26 Mart 2012 / MESUT ÇEVİKALP
Erciyes Üniversitesi’nin yayımladığı 5 ciltlik Devr-i Hamid Külliyatı, II. Abdülhamid Han ile dönemini, 75 uzmanın kaleminden sunuyor. 90 makaleden oluşan 2250 sayfalık çalışma ‘Gök Sultan’ ile ilgili tüm merak edilenleri yeni belgelerle gün yüzüne taşıyor.

‘Sultan Hamid, ‘Kızıl’ değil, ‘Gök Sultan’dır… Türkiye, dört sınırında yangınlar olan bir ev, Sultan Hamid, o yangınların eve bulaşmaması için hızla koşarak ateşe su serpen, kum döken ve keçe kapatan bir savunucu idi. Bu koşuşmaları sırasında yoluna çıkan bir-iki çocuğa çarpıp düşürdüyse, suç onun değildir. Çünkü yurdun çevresindeki yangınlar göğe yükseliyor ve Gök Sultan, alevleri içeri sokmamak için didiniyordu. Ve sokmadı da. Ne diyelim?
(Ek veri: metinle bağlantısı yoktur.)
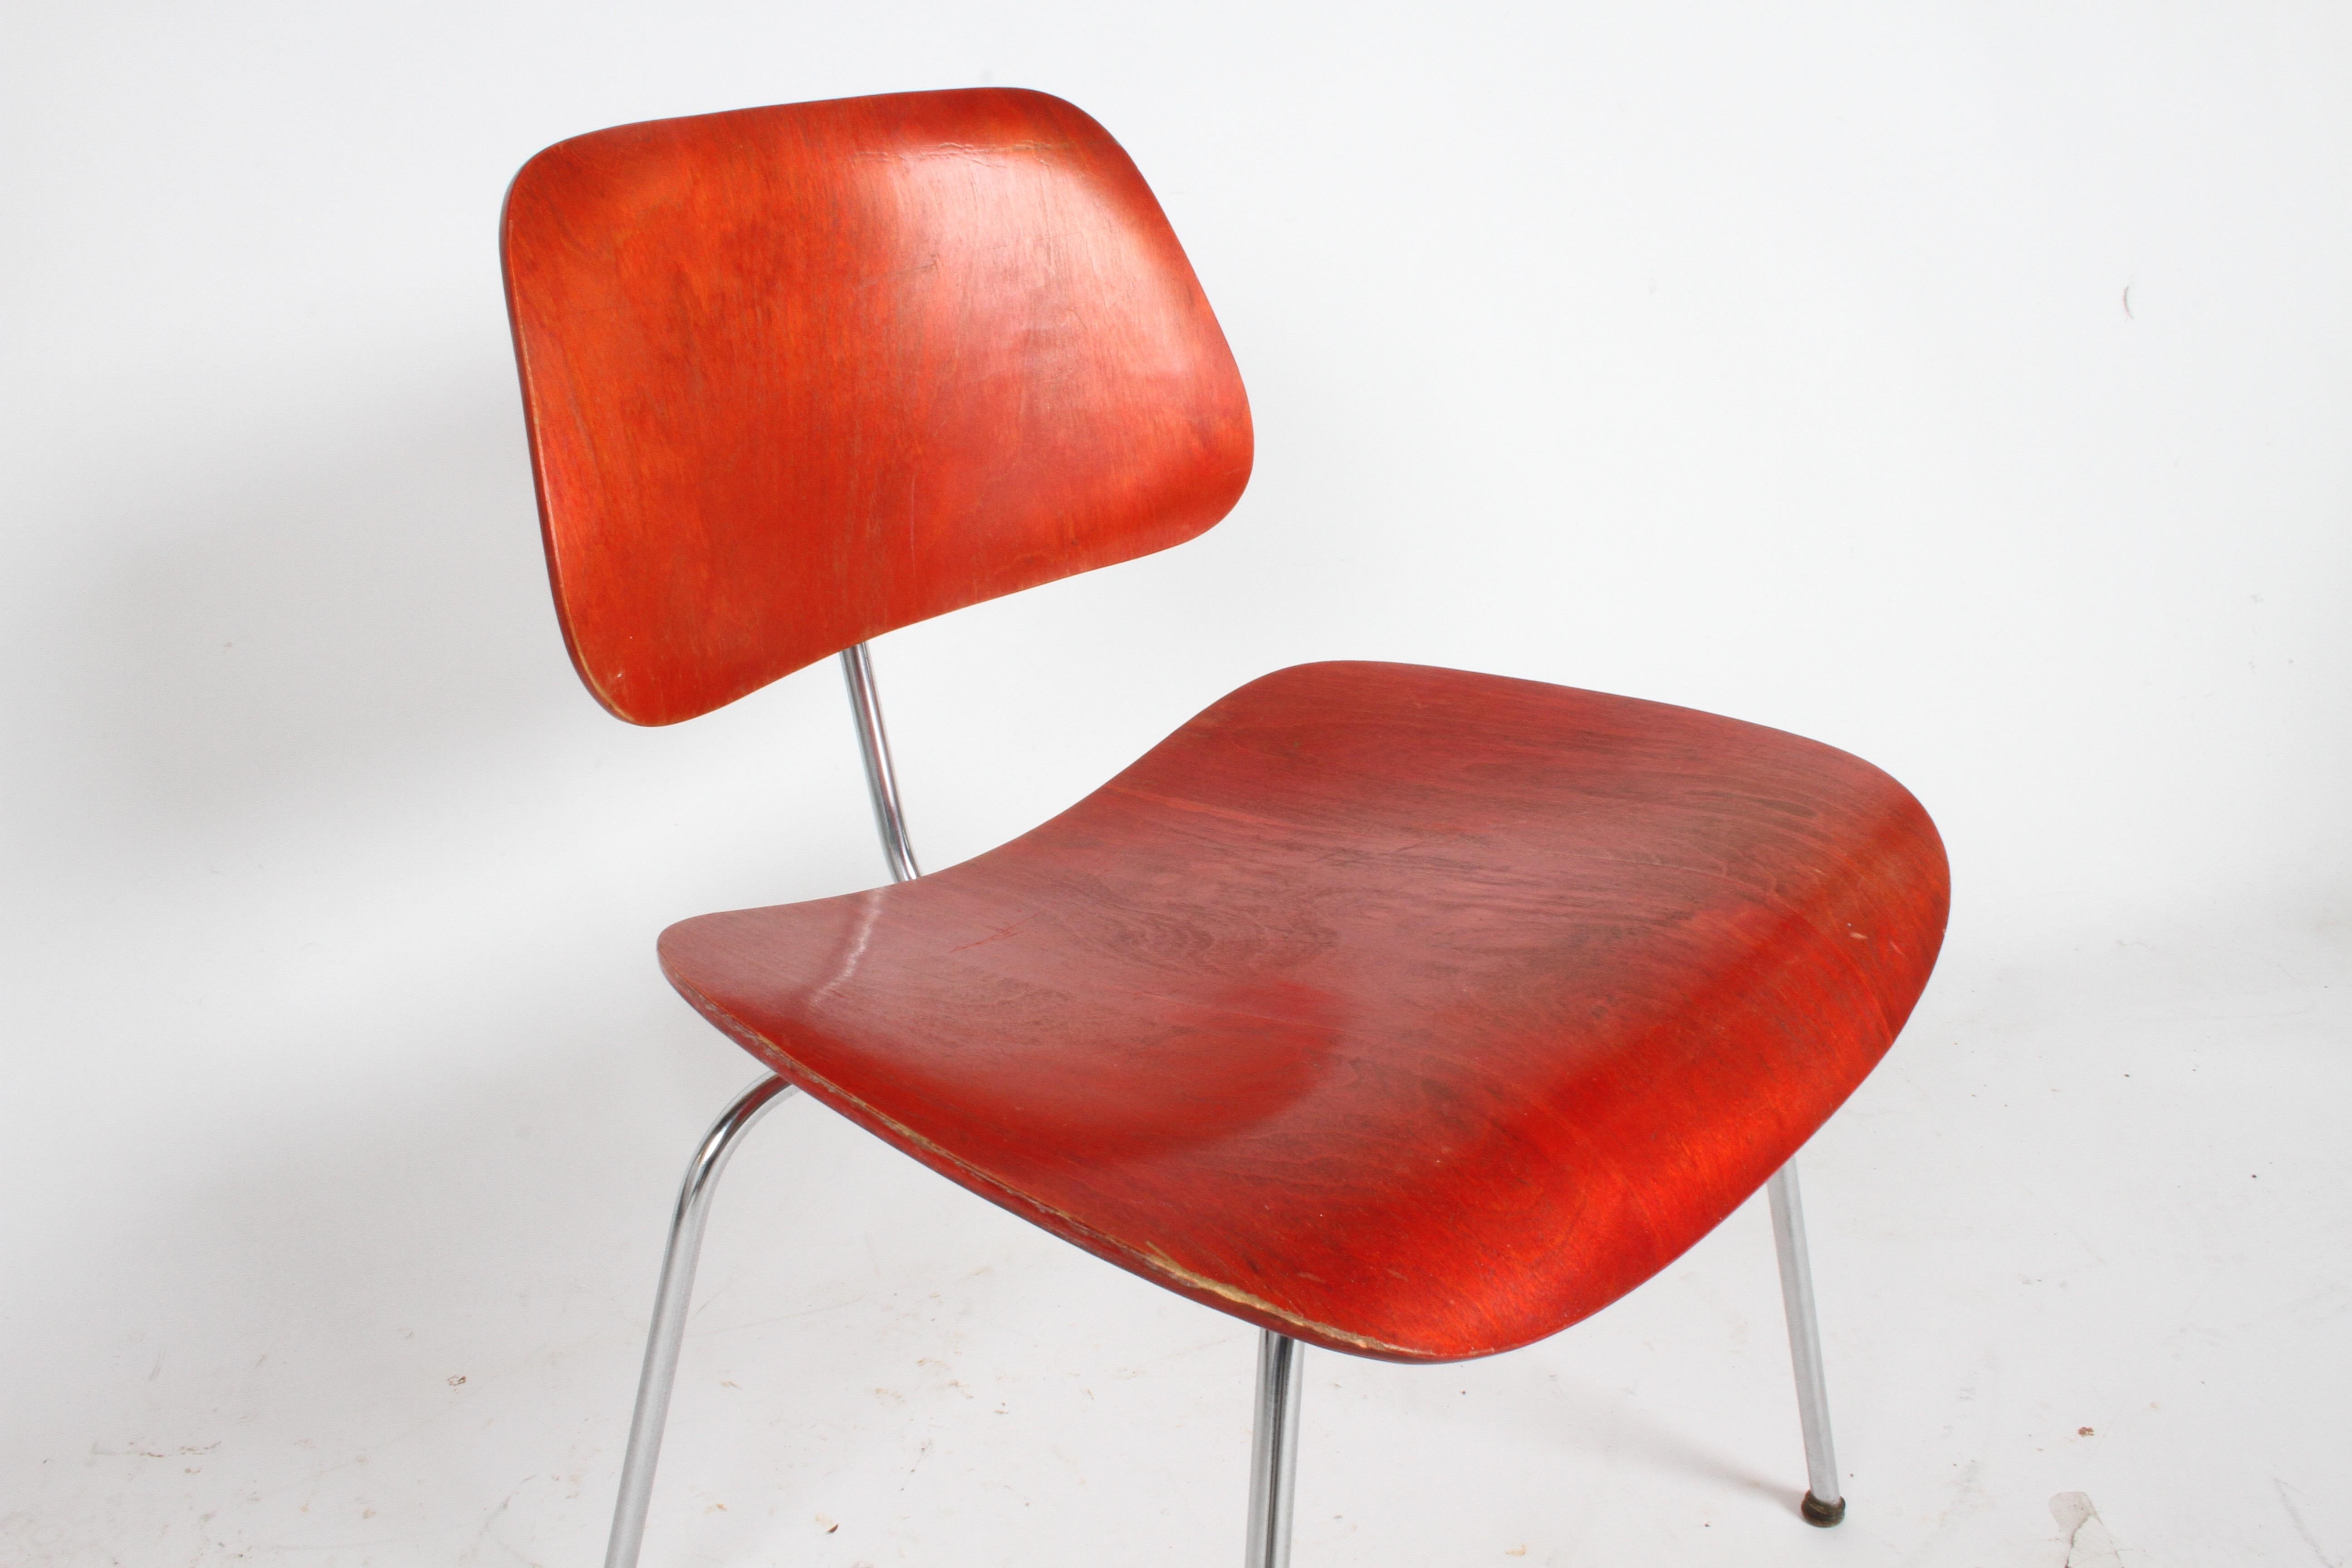 Early Charles Eames for Herman Miller red Aniline stained DCM with early glides, no label. Shock mounts are still solid, there is wear and loss to finish, see photos.

Durağı cennet olsun.”



Cumhuriyet dönemi yazarlarında Hüseyin Nihal Atsız’a ait bu satırlar. 
Tamamı üç sayfa kadar olan ‘Abdülhamid Han: Gök Sultan’ başlıklı makale, 11 Mayıs 1956’da Ocak dergisinin 11. sayısında yayımlandı. Şair ve tarihçi Atsız, yaşı itibariyle II. Abdülhamid devrinin sonuna yetişmişti. Sultan vefat ettiğinde 13 yaşında, bıyıkları yeni terleyen bir gençti. ‘Kızıl Sultan’ yaftalamalarına şahit olmuştu. Sultan’ı deviren İttihatçıların ülkeyi soktuğu hâli de iliklerine kadar hissetmişti. İlerleyen yıllarda güçlü kalemini II. Abdülhamid’in hakkını ona teslim etmek için kullanmıştı. Kaleminin gücü şahitliklerinden, yaşadıklarından geliyordu…


“… Peyami Safa’nın ileri sürdüğü İsmail Safa’nın (babası) sürgün edilmesi gibi hâdiselerin ne ehemmiyeti olabilir? İsmail Safa ne istiyordu? Oğlunun iddiasına göre hürriyet! Yani meşrutiyet, serbest seçim… İsmail Safa, İngiliz-Boer savaşında, İngilizlerin bu başarısını, onların elçiliklerine giderek tebrik ettiği için, Sultan Hamid tarafından haklı olarak sürgün edilmiştir… Şimdi insafla düşünülsün: Hiçbir sebep yokken, sırf yurtlarındaki elmas madenlerini zapt etmek için, bir avuç Boer’e büyük ordularla saldıran İngiltere’yi tebrik etmek hangi hürriyetçilik anlayışının sonucudur?”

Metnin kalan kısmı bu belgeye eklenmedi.